I'd treat anything Mortensen said with great caution. Minimal agitation is largely not a good idea - at best all it does is adjust the overall contrast slightly (and has essentially no measurable impact on sharpness at anything other than nil agitation - which is a very bad idea) - if you really think you are getting differences between intermittent and continuous agitation, it's almost always going to be a process control issue (aka normalise processes to deliver matched contrast indexes). And I would treat the word clumpy with similar caution.

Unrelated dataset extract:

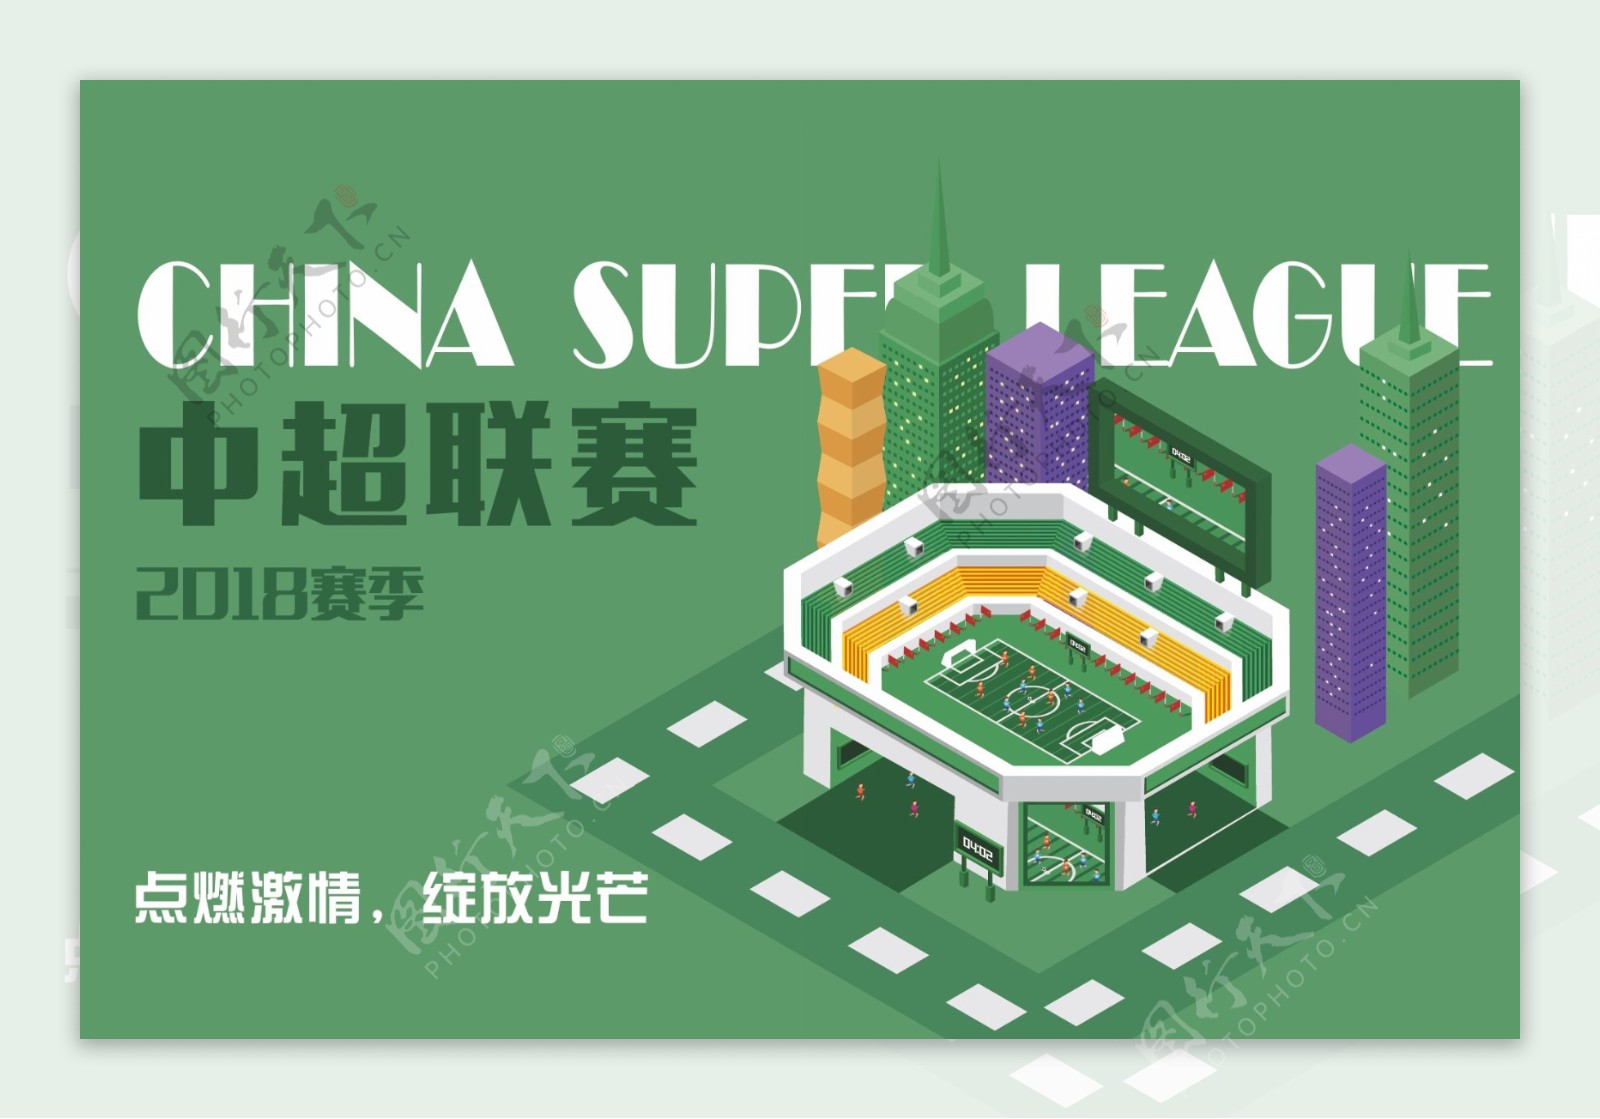 中超联赛足球赛场宣传海报

What does seem to be the case is that certain developing agents will develop fewer development centres more totally, which while delivering correct overall contrast measurements and very high sharpness via development inhibition (at a cost of very long developing times), gives visually noticeably poorer coverage - and thus a worse looking, much grainier image. It seems that adding an component to act as an inhibitor acceptor will drastically shorten development induction time and cause more development centres to develop to a lower individual density - which delivers dramatically better overall coverage for the same contrast index. And then there are the questions of pH, sulphite levels, development inhibiting byproducts given out by the film etc. In short, Phenidone (and derivatives) has some quite significant potential advantages over Metol (which being entirely reliant on exhaustion effects is not seemingly susceptible to the exploitation of the development inhibition behaviour outlined above) - and Ilfosol 3, DD-X, Xtol and TMax developers (and probably many others) all look a lot like they attempt to exploit this.